Angespannt verfolgt man sämtliche Wirtschaftsnachrichten, klopft sie heimlich auf kursbeeinflussende Faktoren ab. Aber selbst wenn die eigenen Aktienkurse steigen, gibt es natürlich immer Aktien, die besser laufen. Statt Sieges- kann sich dann trotzdem Katerstimmung einstellen 🙈.
Erschwerend kommt hinzu, dass wir mit unserem Seelenschmerz oft alleine bleiben. Während andere aus der Community hier ihre Erfolge posten. Freunde und Bekannte will man aus Angst vor Schadenfreude nicht behelligen und Familienmitglieder nicht unnötig beunruhigen. Dabei steht die allerschwierigste Entscheidung sogar noch bevor:
Wann ist der richtige Zeitpunkt, seine Aktien wieder zu verkaufen?

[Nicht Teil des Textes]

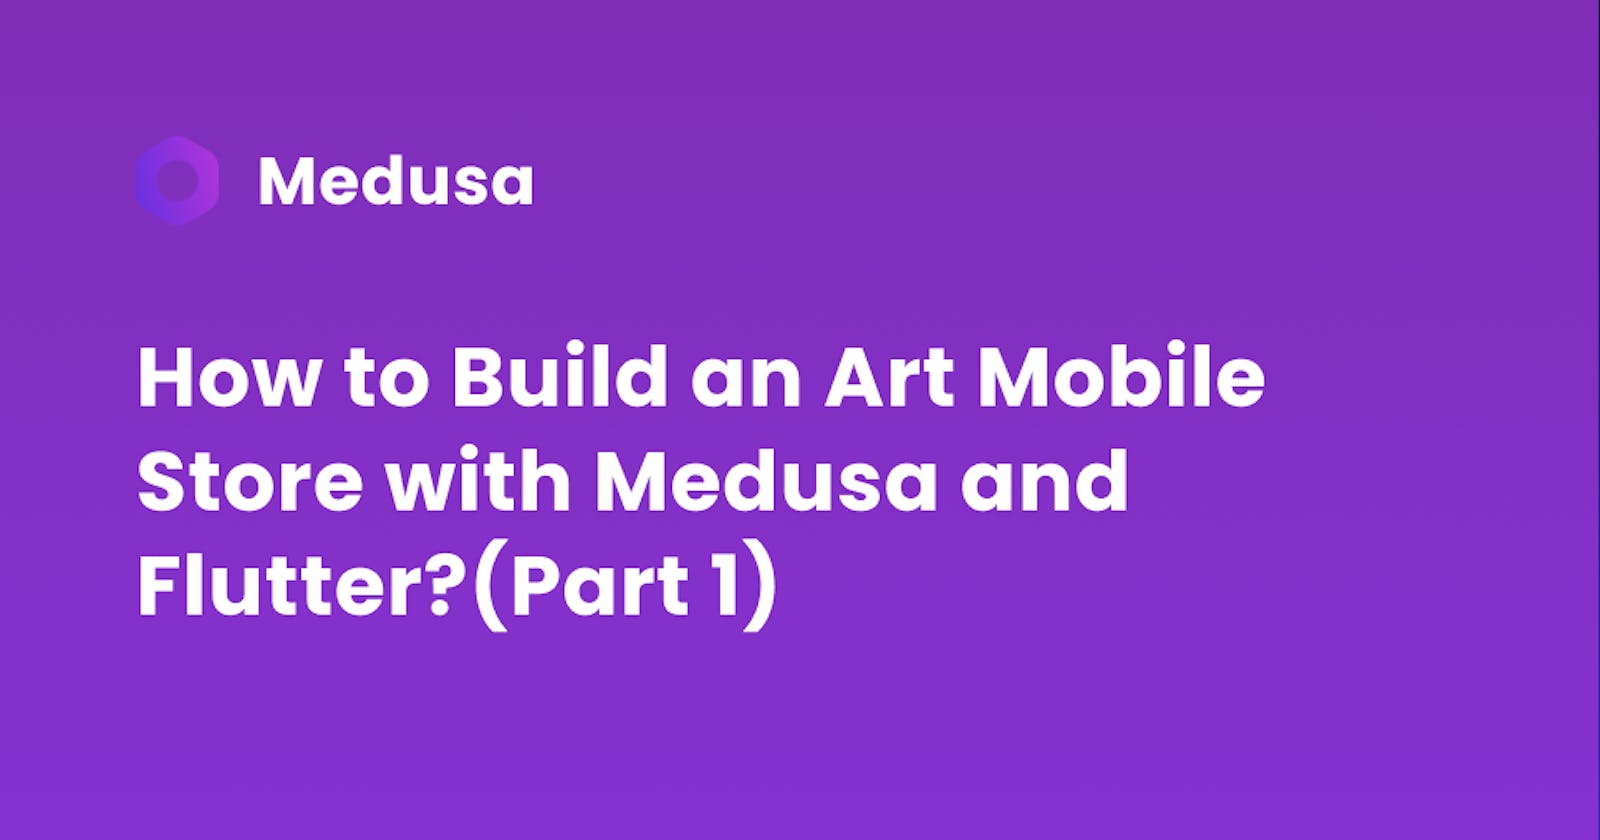 How to Build an Art Mobile Store with Medusa and Flutter?

Selbst wenn man mit einem Gewinn abschließt, geht am Ende bestimmt noch irgend etwas schief. Entweder man verkauft zu früh, und die Aktienkurse steigen anschließend einfach weiter. Oder man verkauft zu spät, d.h. einen Teil der aufgelaufenen Gewinne haben andere bereits vor einem eingeheimst. Man ärgert sich also in jedem Fall, statt sich über die ersten Kursgewinne zu freuen. Aber für alle Aktien-Einsteiger gibt es einen Trost - selbst für jene, die mit Verlusten starten:
"Mehr Selbsterkenntnis ist ja auch schon ein Gewinn"
Meine Lieben, es ist mal wieder etwas länger geworden. Aber vielleicht findet ihr über die Feiertage ein wenig Zeit. Über Kommentare ob es euch gefallen hat würde ich mich natürlich auch sehr freuen.
Am Donnerstag habe ich ich für euch noch die Bullen aus der Community (@Simpson
@Max095
@Dividendenopi
@Get_Rich_or_Die_Tryin ) nach Frankfurt an die Börse geschickt, um die Bären zu vertreiben.
Jetzt wünsche ich euch aber ein paar stressfreie Ostertage!